En una pulpería de Cartagena de Indias recién desembarcado de la Isla de Aruba, alguien - después supe su nombre: Maqroll el Gaviero - con una botella de ron Cacique venezolano en la mano, anunció con voz retumba estas palabras:
“El siglo que me hubiera gustado vivir es el XVIII, con toda su carga de cinismo, de libertinaje, de elegancia, de bien escribir... Esta época de ahora es exactamente la época en la que no hubiera querido vivir jamás”.
Hablaba con la hipocondría del marino padeciendo fiebre de heno.
Dos días en tierra firme y una tarde tumbado en la pensión ‘El pirata piraña’, se le pasaría la borrasca y volvería a hacer planes para ir en busca de El Dorado.
Él sabía que el mar de los caribes no es solamente una idea anegada de mitos, sino una alucinación ineludible.
Con Maqroll El Gaviero, mi persona – marino de tierra firme en el Gijón de mi infancia – puede recorrer en su buque las costas margariteñas, los océanos recónditos hasta amarrar en los malecones de puertos exóticos, con besos fogosos de mujeres esperando en el bar de la bahía, y el sabor empalagoso del vino macerado en cráteras griegas.
En un tiempo en que regresamos a puerto tras subir Cabo de Hornos a Comodoro Rivadavia, Mar de Plata y, tras mucho bordear, entramos en Recife.
Ablución de agua clara, chinchorros, juego de barajas, vino y peleas de gallos. Dos semanas no más y salida hacia la isla de George Town, en mitad del Océano Atlántico Sur.

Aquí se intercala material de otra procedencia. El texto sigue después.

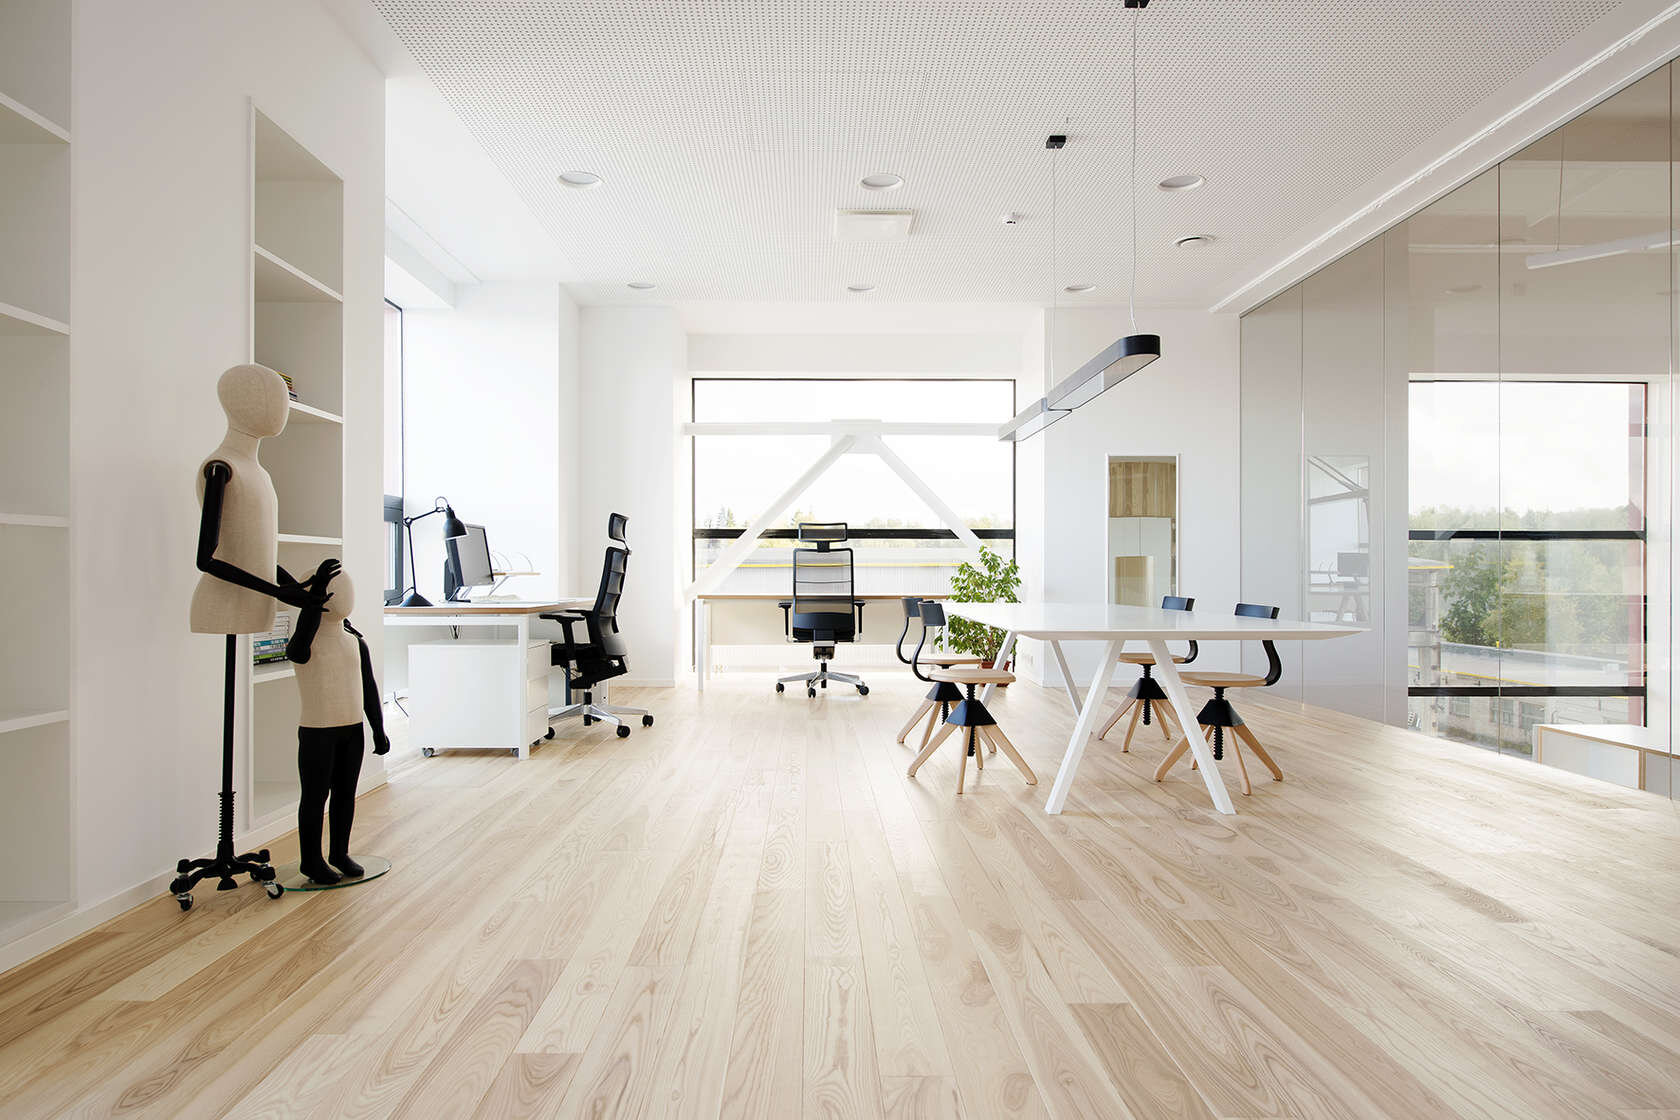 Z North Studio - Commercial & Residential Interior Design - Office - zn-s (53).jpg
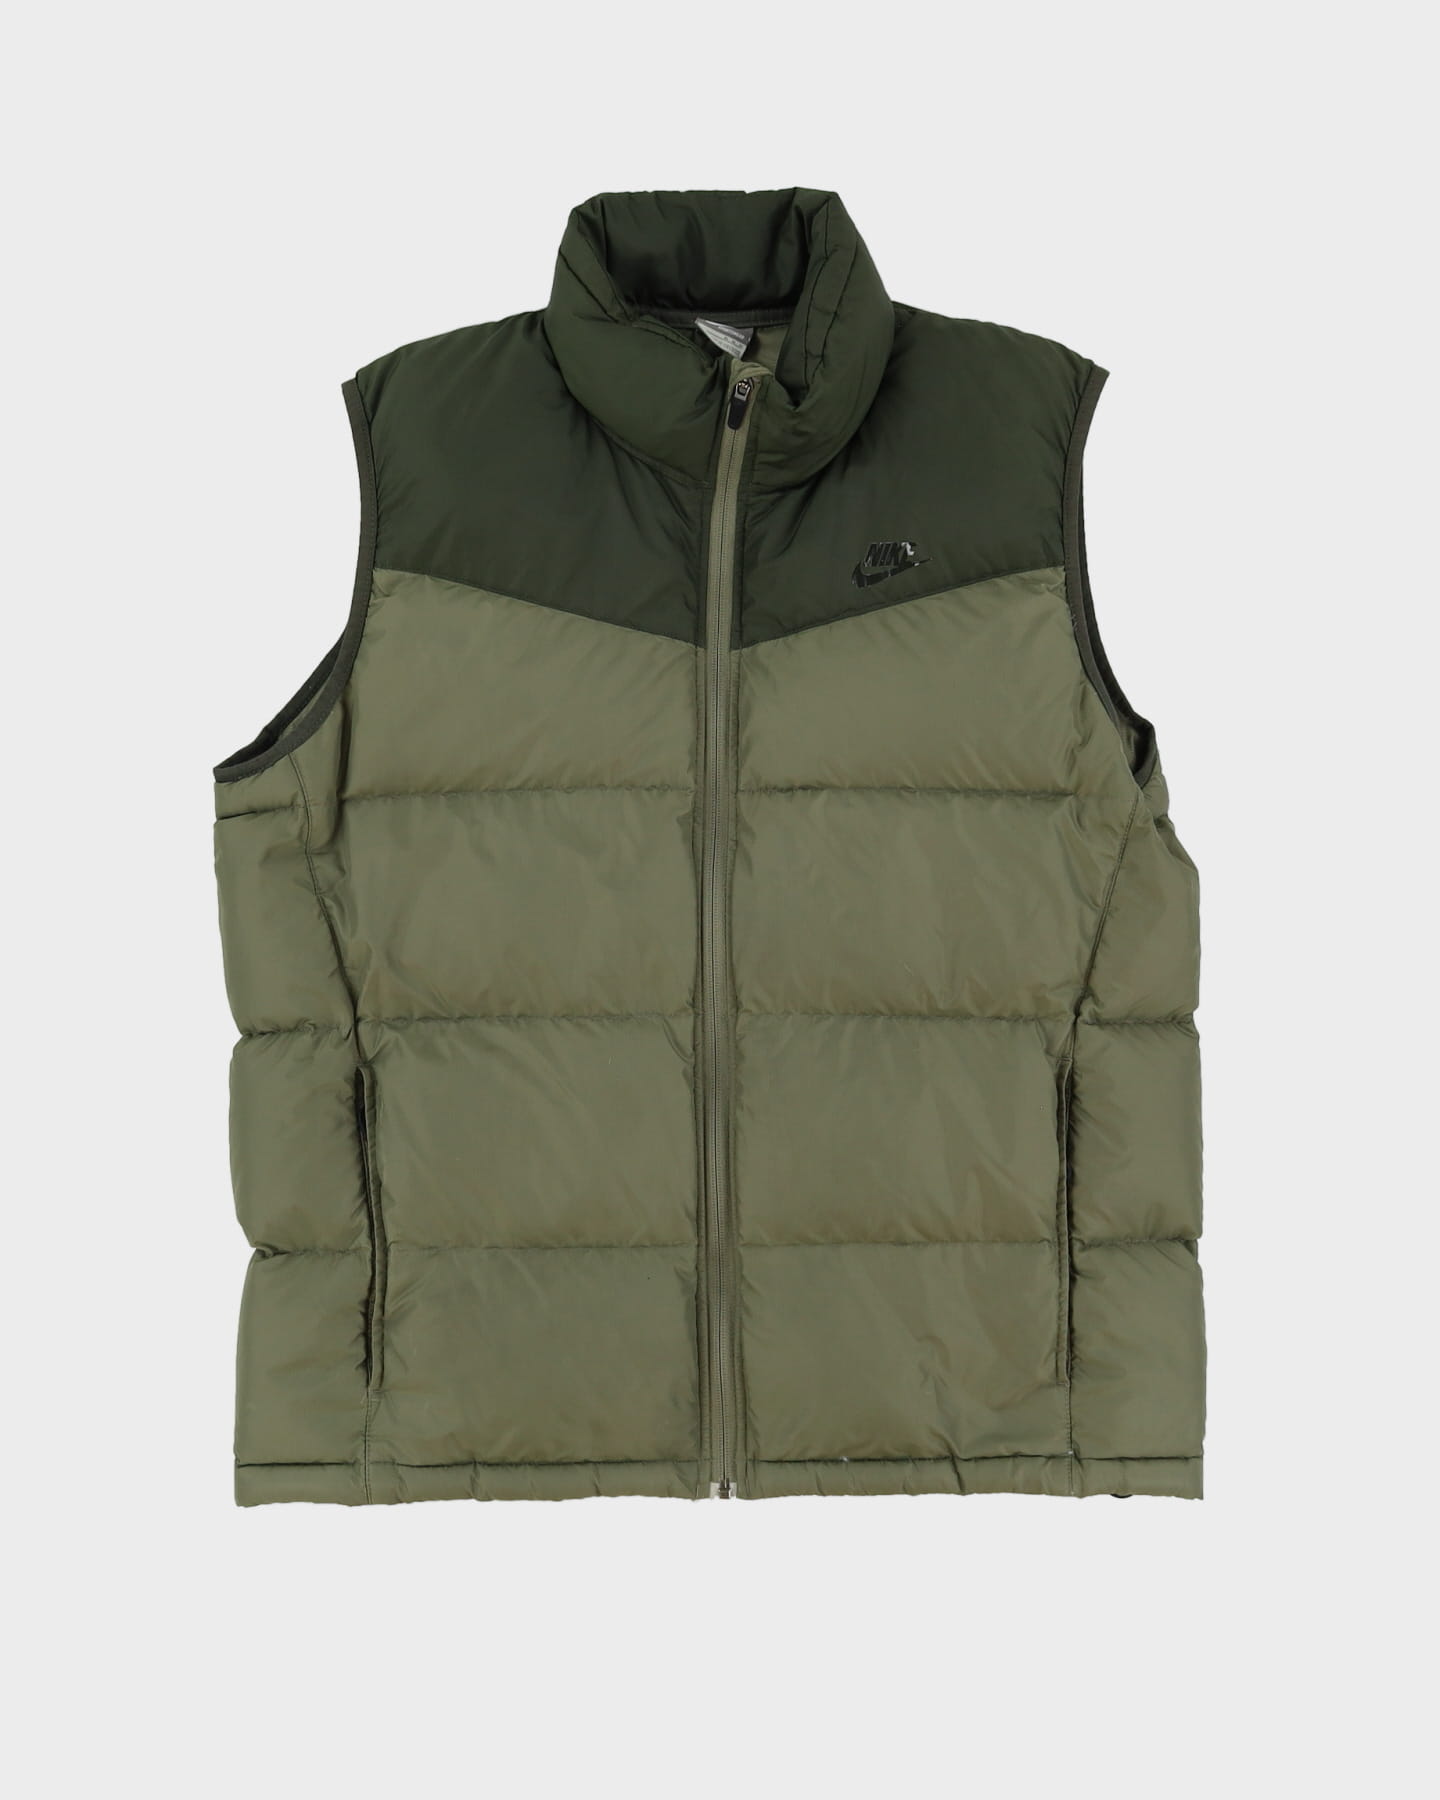 Nike Green Two Tone Sleeveless Puffer Jacket / Gilet - M

El piélago era una balsa platinada, y una vez en la capital de Liberia, el desplazamiento se hizo apacible entre la costa africana buscando el norte, al encuentro del Estrecho de Gibraltar.
En esas aguas en las que Hércules levantó columnas, y Constantino Cavafis, Lawrence Durrell, James Joyce, Paúl Bowles o Naguib Mahfuz, tañeron sonidos y desnudaron sus propios espectros literarios, fuimos recibidos.
El mar de la filosofía y el trigo, estaba quieto. Sobre esas bocanadas saladas vinieron a sus playas de arena blanca, civilizaciones envueltas en cántaros de miel, poesía épica, melodías de Cartago y de Creta, mientras los bardos de Sorrento sembraban de azafrán los labrantíos de Trípoli y Alejandría.
Tiempo atrás, estando ya en la costa valenciana haciendo parada y fonda, solíamos venir a sentarnos a estas orillas.
Éramos parte del mocerío, y acariciábamos la luz para hacer luciérnagas. Media esperanza se entretejió entre las ramas de los pinares del El Saler y nuestras añoranzas caribeñas
Al presente, nos hallamos encallados a manera de conchas y guijarros, en la playa de Malvarrosa.